To test whether NF-κB mediates MES reprogramming via master TFs, we treated GSC11 with TNFα at various time points and analyzed the temporal expression of these proteins by western blotting. TNFα induced phosphorylation of p65 preceded the induction of YKL40, STAT3, C/EBPβ and TAZ, an effect that was negated by pre-treatment with IκB-SR, indicating that the master TFs act downstream of the NF-κB pathway (Figure 6E and S6B). Furthermore, up-regulation of STAT3, CEBPB and TAZ mRNA was significantly inhibited by IκB-SR pre-treatment (Figure 6F and S6B). Finally, concomitant silencing of STAT3, C/EBPβ and TAZ caused strong reduction of CD44 and YKL40 induced by TNFα (Figure 6G and S6B). Taken together, these data indicate that NF-κB promotes MES differentiation in GSCs via induction of master TFs.
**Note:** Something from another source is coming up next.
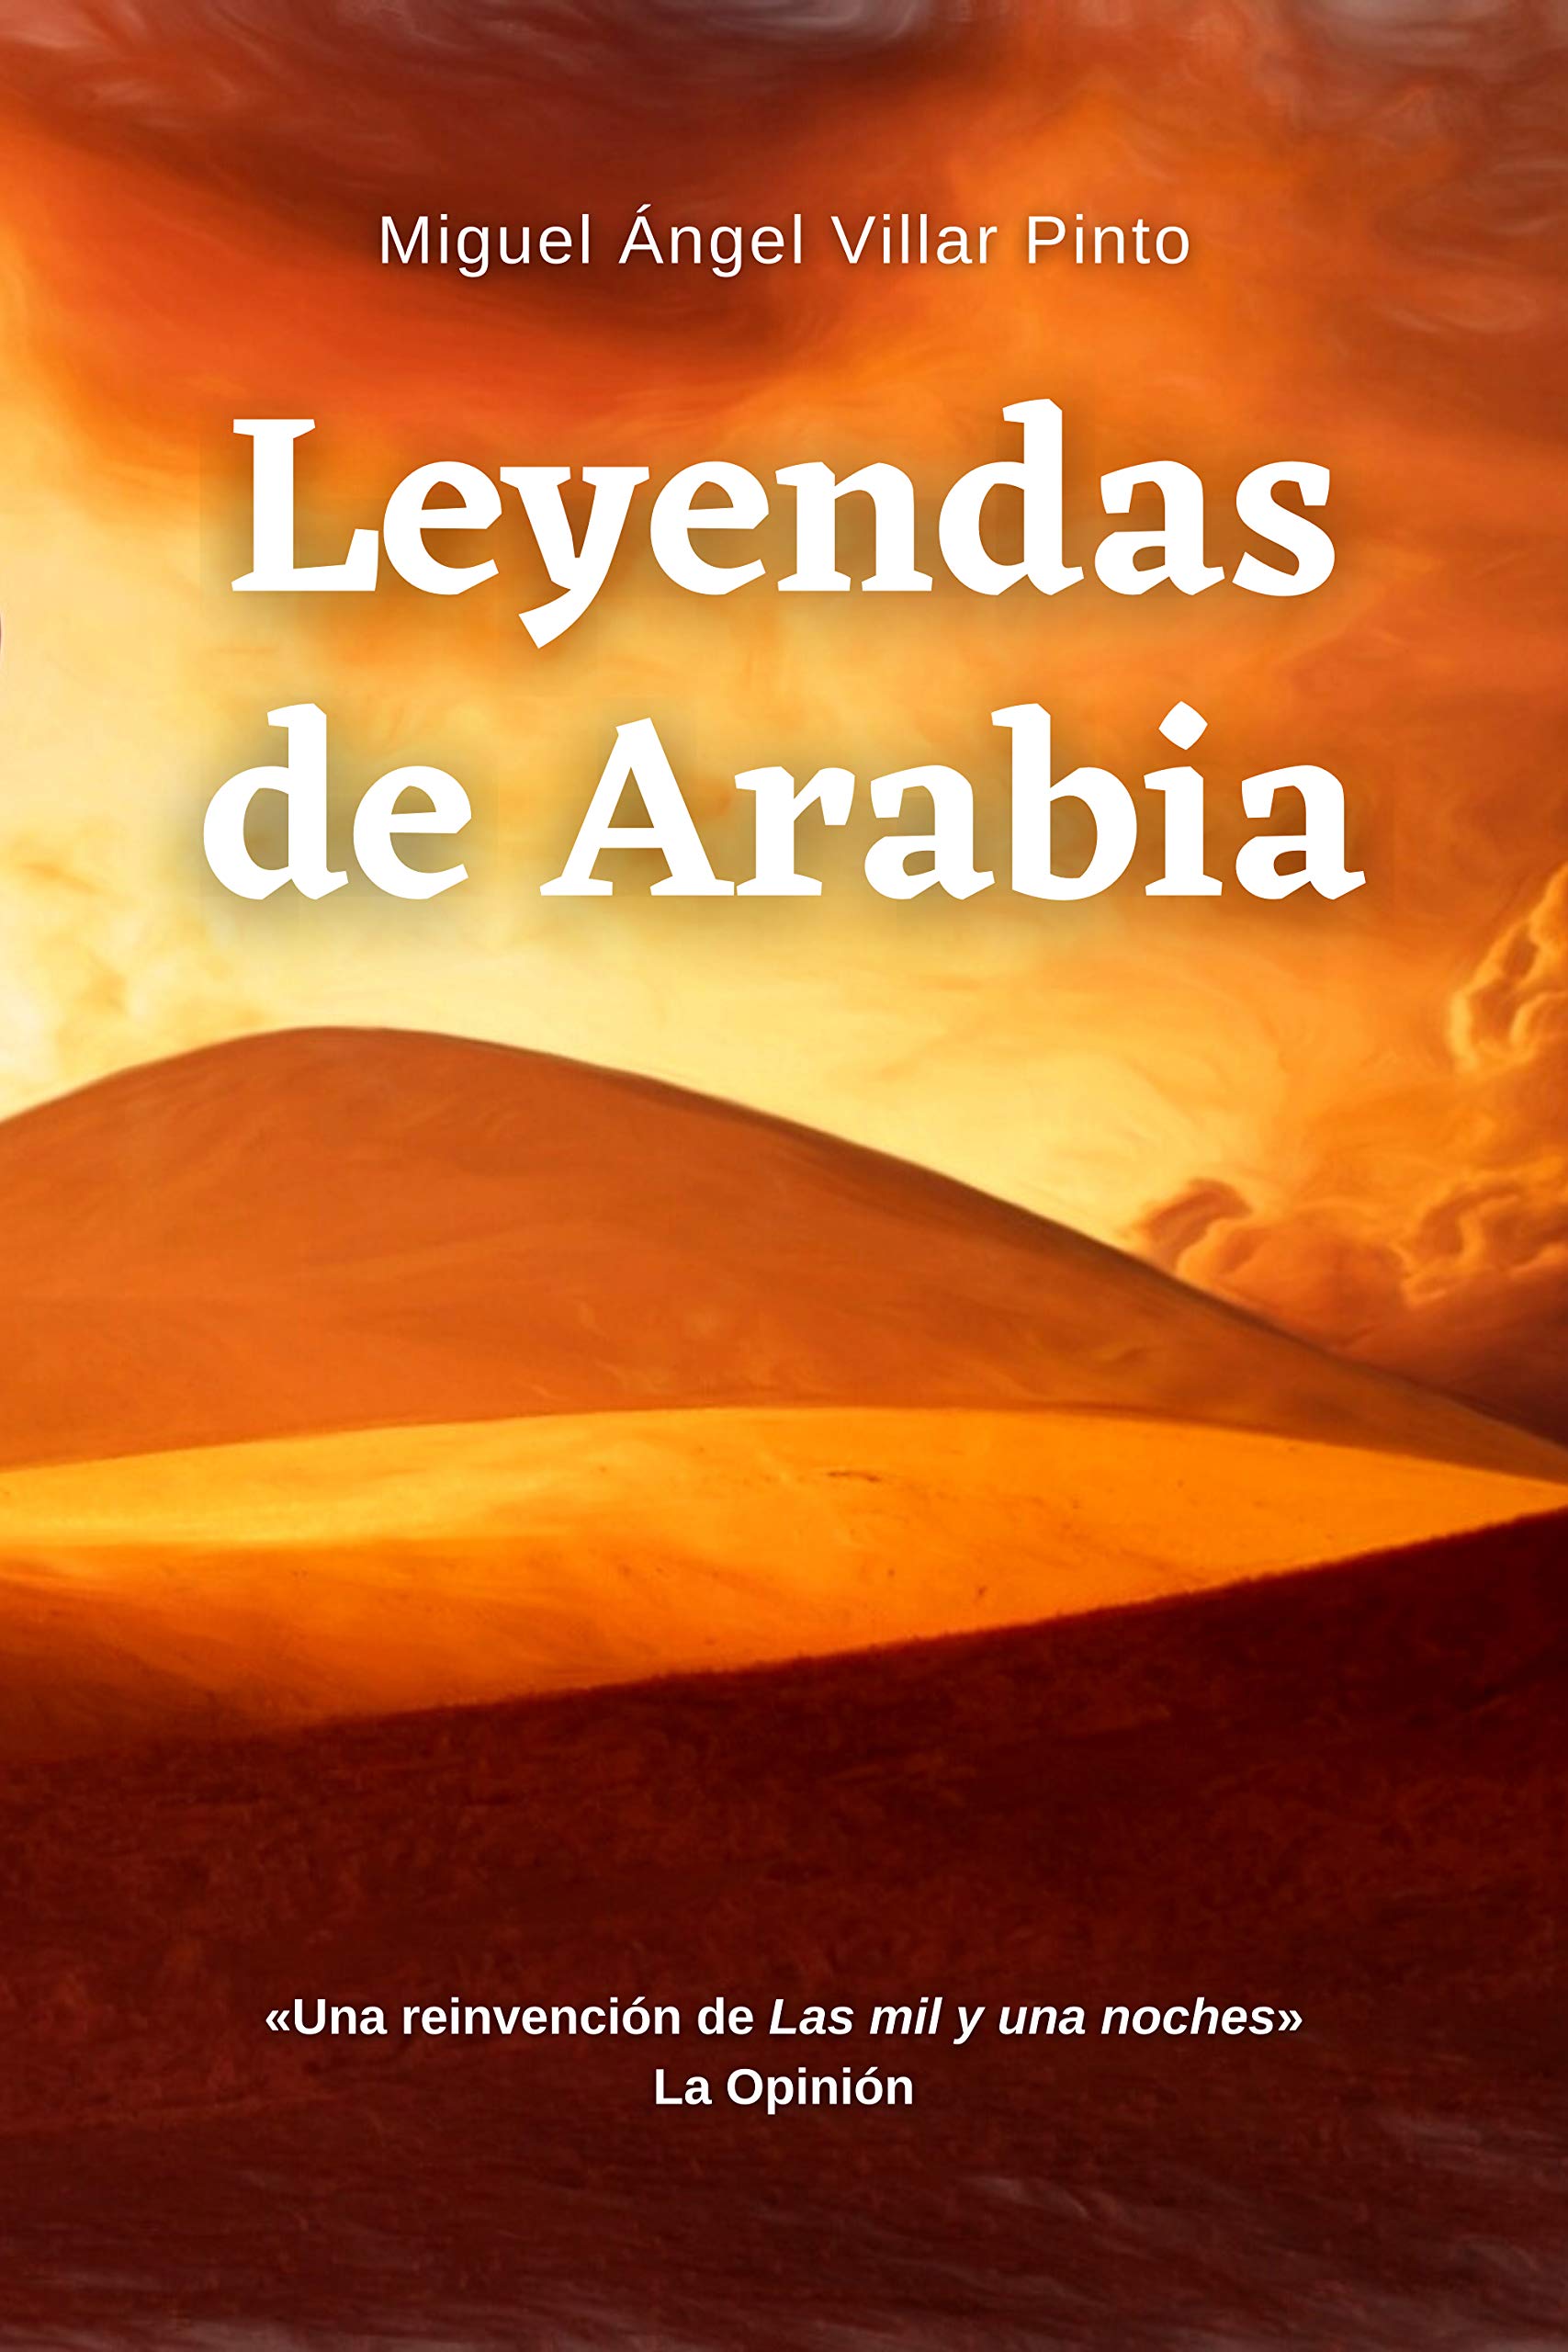 Leyendas de Arabia (Cuentos maravillosos nº 5) (Spanish Edition)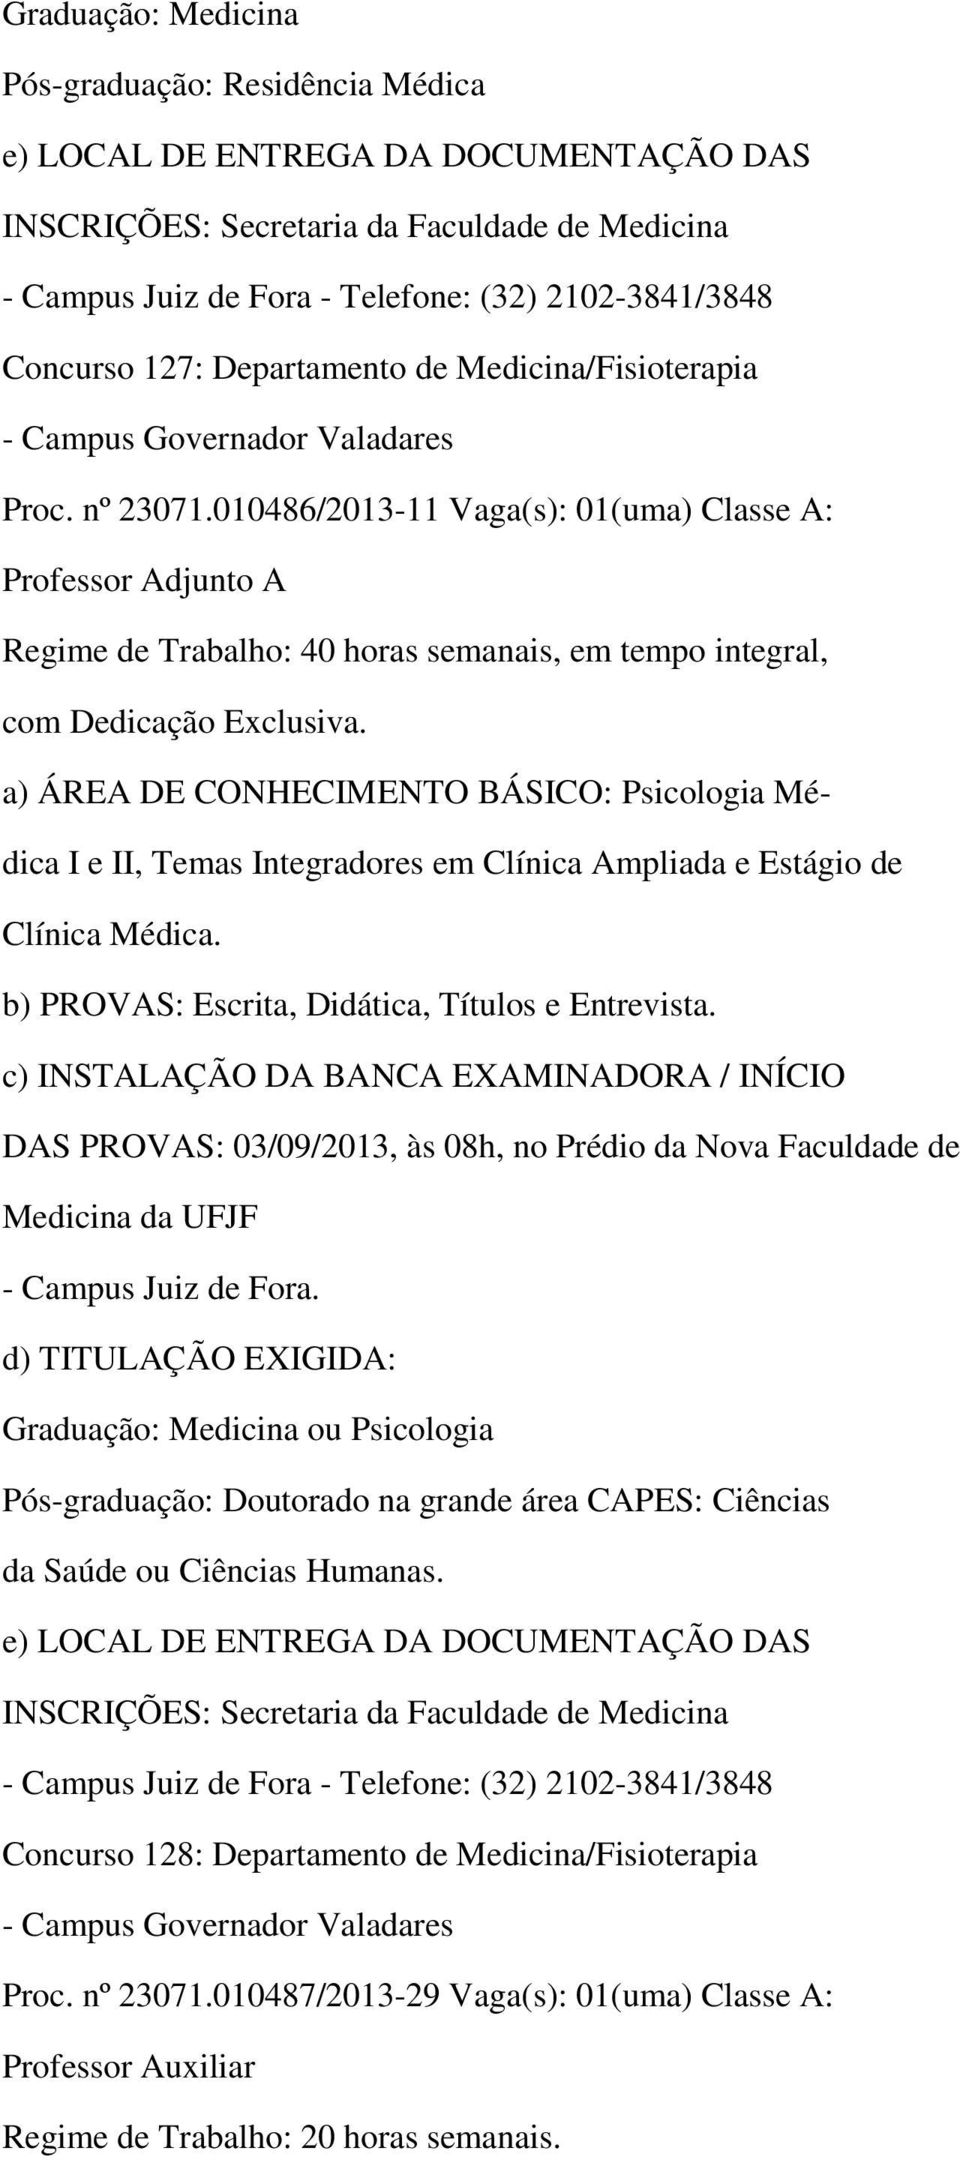 010486/2013-11 Vaga(s): 01(uma) Classe A: a) ÁREA DE CONHECIMENTO BÁSICO: Psicologia Médica I e II, Temas Integradores em Clínica Ampliada e Estágio de Clínica Médica.

Interestingly, GSC13, which originated from a PN tumor (Figure 1C), did not exhibit MES differentiation even upon long term culture in TNFα suggesting that some PN GSCs are resistant to NF-κB-mediated MES differentiation (Figure S2C).
MES differentiation, CD44 levels and NF-κB activation are predictive of radiation response in GBM
Since activation of NF-κB caused both MES differentiation and enrichment of CD44 populations in GSCs, we performed in-depth analyses of NF-κB activation in GBM. Among previously annotated direct targets of NF-κB, MES GSCs as well as tumors (Table S6) showed a 36% enrichment (induced to a 1.5 fold or greater expression) of these targets when compared to PN counterparts which showed only a 6% enrichment (Figure S7A). Seventeen NF-κB target genes appeared commonly induced in both MES GSCs and GBMs which included CD44, pro-inflammatory cytokines IL1B and IL8, chemokines CCL2 and CXCL5, prostaglandin enzyme cyclooxygenase 2 (COX2), and the downstream target of TNFα stimulation, TNFAIP3 that has been previously shown to be associated with GBM (Hjelmeland et al., 2010; Murat et al., 2009). Thus, the MES phenotype in GSCs and GBM was accompanied by activated NF-κB signaling and CD44 is an integral component of this signature.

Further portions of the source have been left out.